Like most of his colleagues, Dr Tennant decided to stay. As weeks passed, the fears eased.

Ten years later, he says he has faced none of the repercussions the Americans had feared as newcomers - except one slightly tense conversation with an Iraqi who was upset about US actions in his home country.

"There's never been anything negative to me, and people have always been reassuring - particularly around 9/11 and 2001," said Dr Tennant, now the provost at Al Hosn University.

"We maybe were a little bit afraid ... we just didn't know," he said. "But all the nationals we talked to all seemed to be very reassuring."

Still, he said, "Our families back home in the US had the most difficult time because they had no idea."

Other Americans who lived in the UAE - the birthplace of two of the 19 hijackers - at the time of the decade-defining attacks shared Dr Tennant's sentiments.

They felt scared but took assurance from Emirati friends and officials who said they had nothing to fear.

Aida Laubach, who has lived in the UAE for 22 years, found comfort in knowing that the UAE took security seriously. But as an American citizen, with a young son attending an American-curriculum school, she feared they might be vulnerable anyway.

That the 9/11 hijackers had breached US security added to her concerns. Footage of planes crashing into the World Trade Center and the twin towers collapsing disturbed her so much she screamed when she saw it on television.

"We felt comfortable in the UAE, but we just prayed, because nothing is fail-proof," she said. "You can have individual fanatics who might have something against ... maybe not big productions, not big targets, but maybe against individuals."

Ms Laubach, who grew up in Lebanon throughout its gruesome 15-year civil war before gaining US citizenship, reverted to her wartime safety precautions. She varied the routes she drove and watched for people acting strangely.

"I found myself going back to that mode. I will scan everything ahead of me, can I go here, is that a suspicious person ... today I go this way, tomorrow I go that way," she said. "I was on heightened alert."

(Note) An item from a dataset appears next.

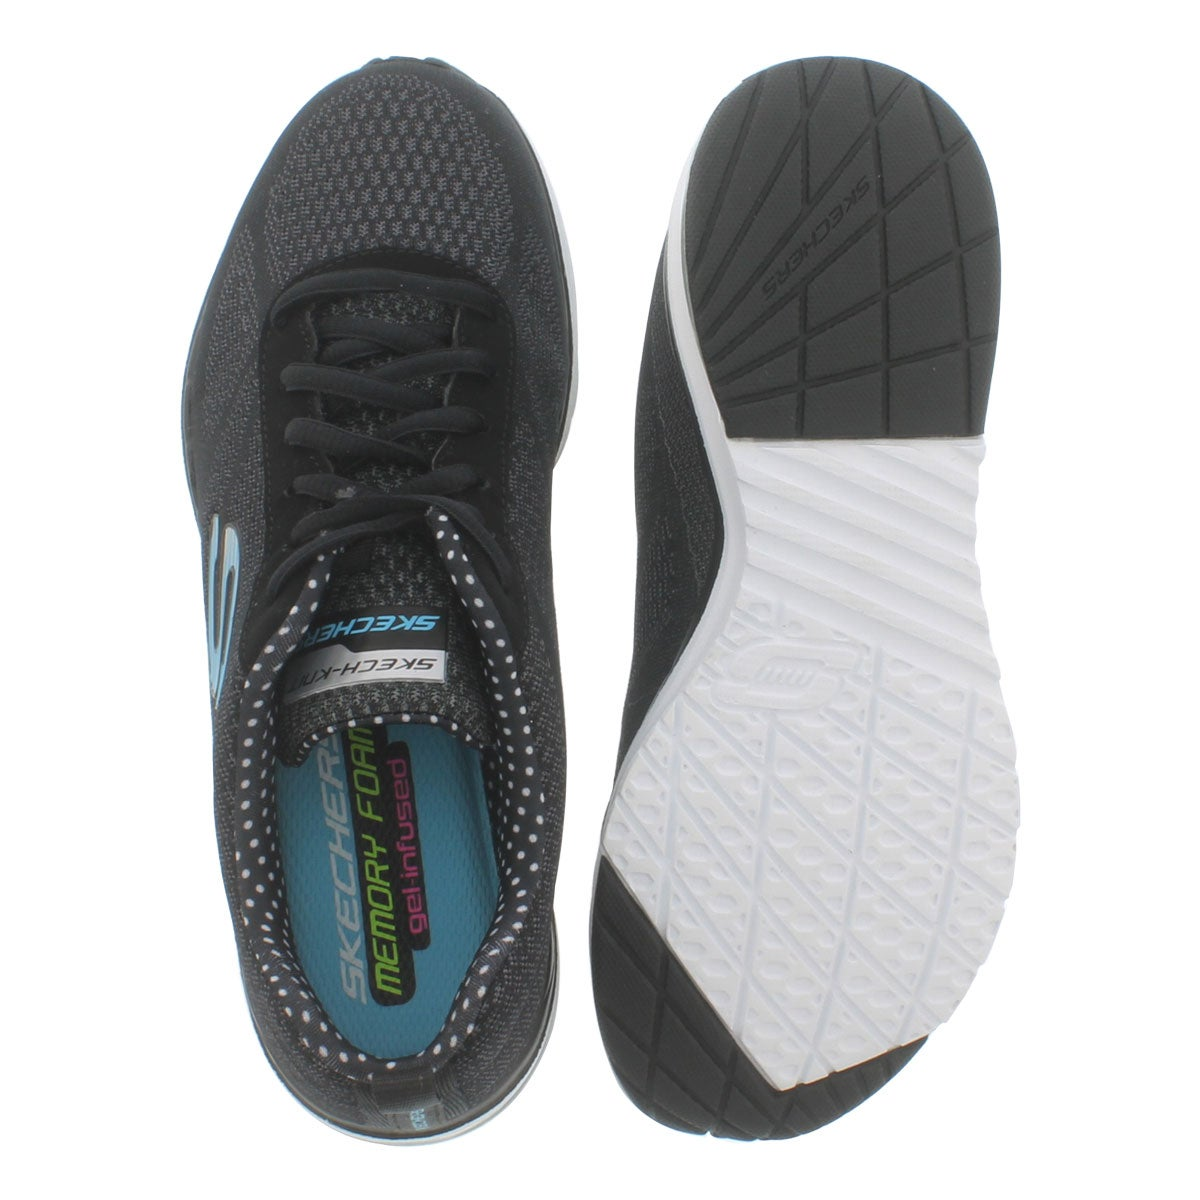 Lds Skech-Air Infinity blk/wht sneaker
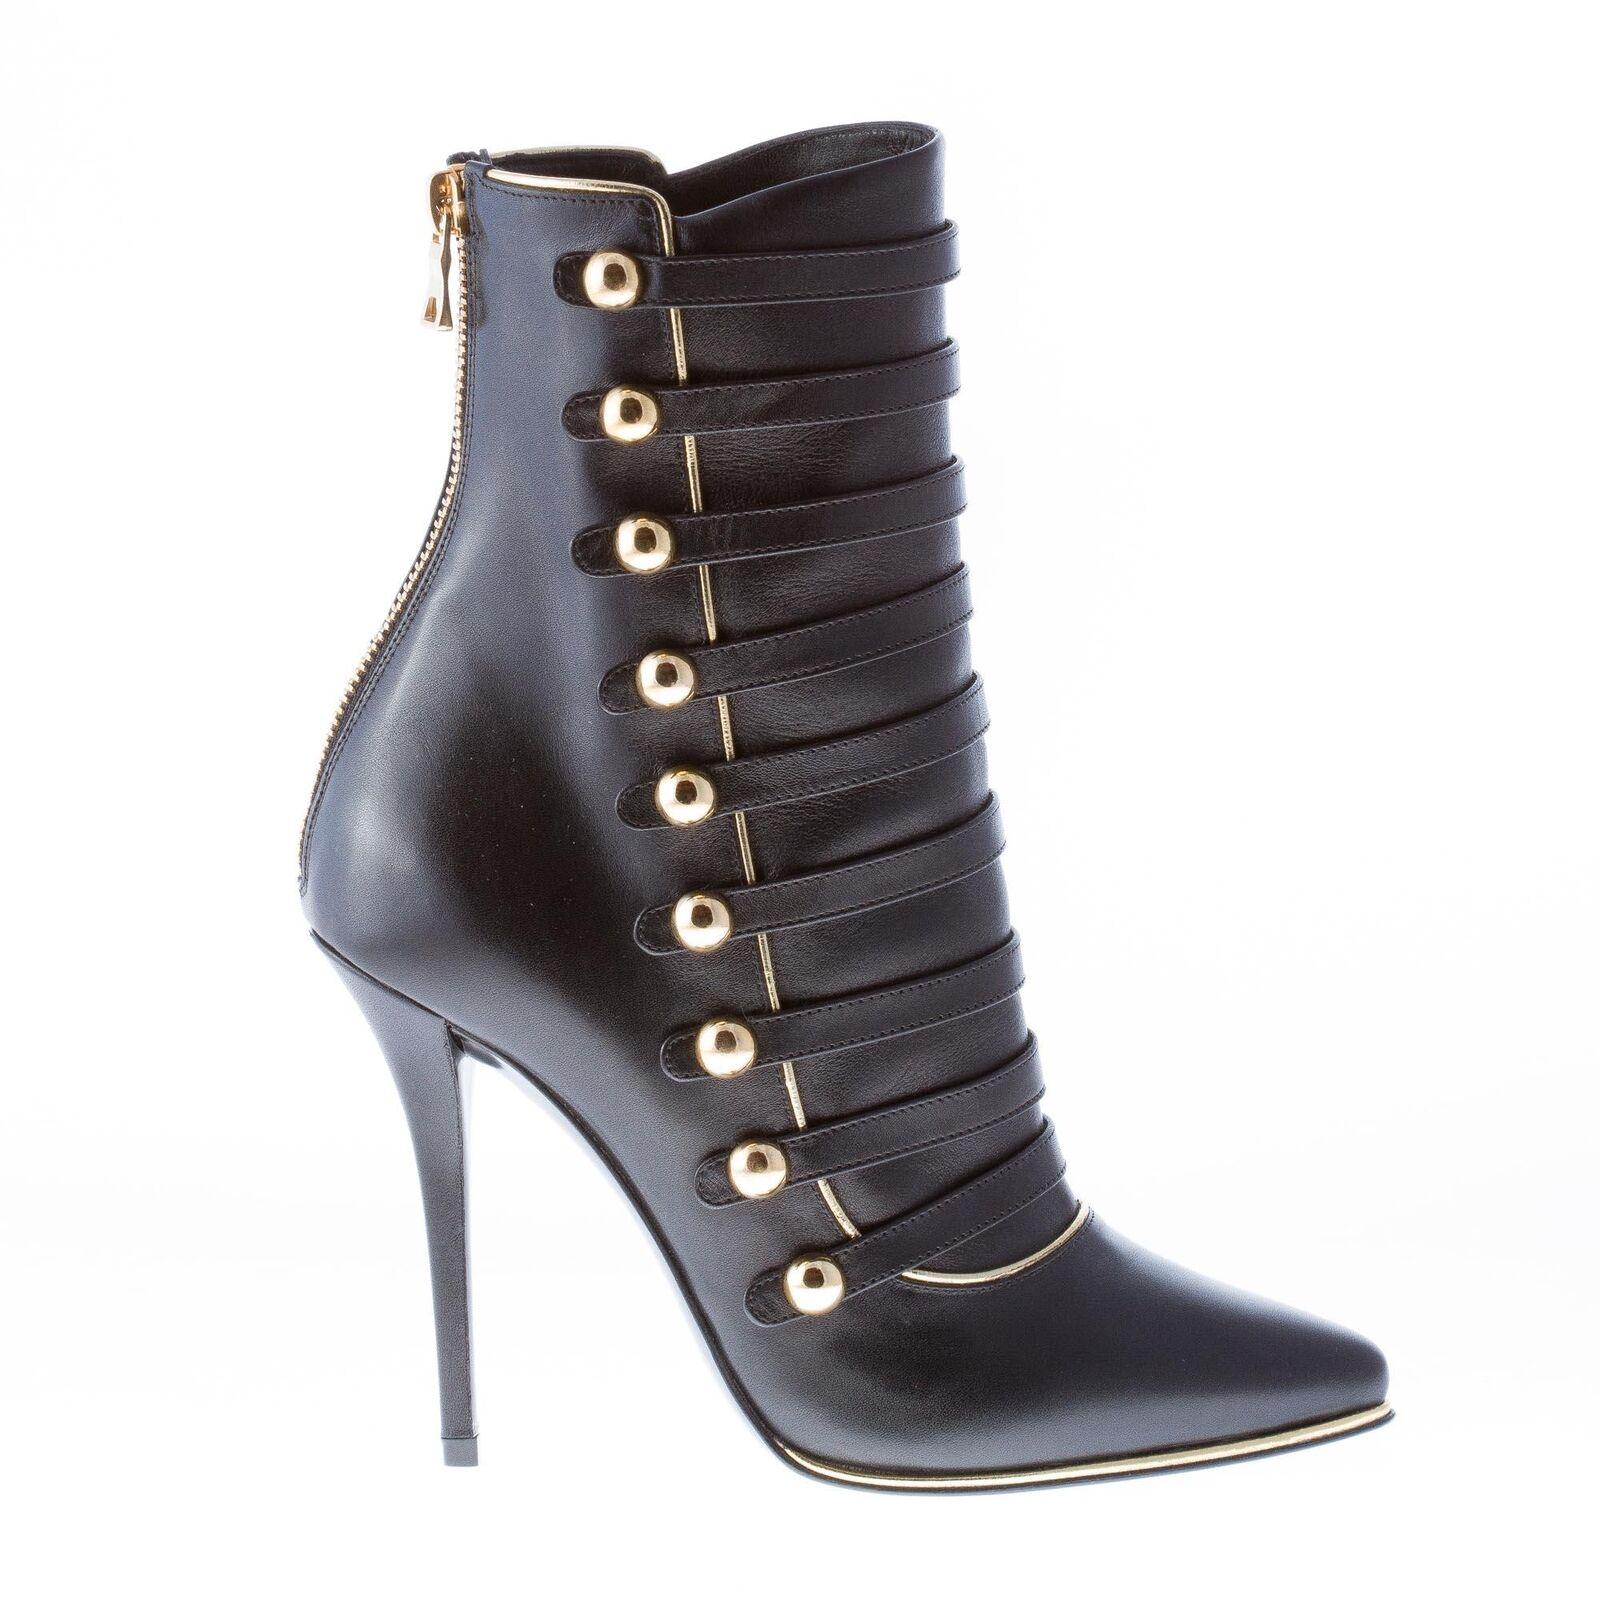 BALMAIN damen schuhe Alienor schwarz polished leather ankle ankle ankle Stiefel Gold studs straps 65823b

A few American companies operating in Dubai at the time pulled their employees out, but only briefly, said TB McClelland Jr, a management consultant who has lived in the emirate for 15 years. He headed the American Business Council when the attacks happened.

The night after the attacks, he cut short a business trip in Doha to return to Dubai. The next day, he met with Sheikh Mohammed bin Rashid, currently the Vice President of the UAE and Ruler of Dubai, who was then the emirate's Crown Prince.

The Government was eager to demonstrate its support for Americans, Mr McClelland recalled. He suggested Dubai could provide land that Americans had been seeking to build baseball fields, since the image of American children playing their national pastime would show that the emirate was safe.

"There was no hesitation," Mr McClelland recalled. "Sheikh Mohammed turned to the head of the Dubai Municipality and said, 'I want land today.' And they designated land."

Mr McClelland said the Emiratis around him sympathised with the Americans, and condemned the attackers.

"Everybody was universally against Al Qaeda," he said. "They were very supportive of the US and felt it was as much of a tragedy as we did."

Even as the US began its controversial war in Iraq, using 9/11 as justification, Americans faced no repercussions, he said.

Loads of American contractors set up shop in Dubai as a hub to support the US military efforts, which boosted the emirate's economy.

"Because of the volume of business that was created overnight by operations in Afghanistan and Iraq, American companies were looking for local sponsors," Mr McClelland said. "It was more business for Dubai, so they opened the doors."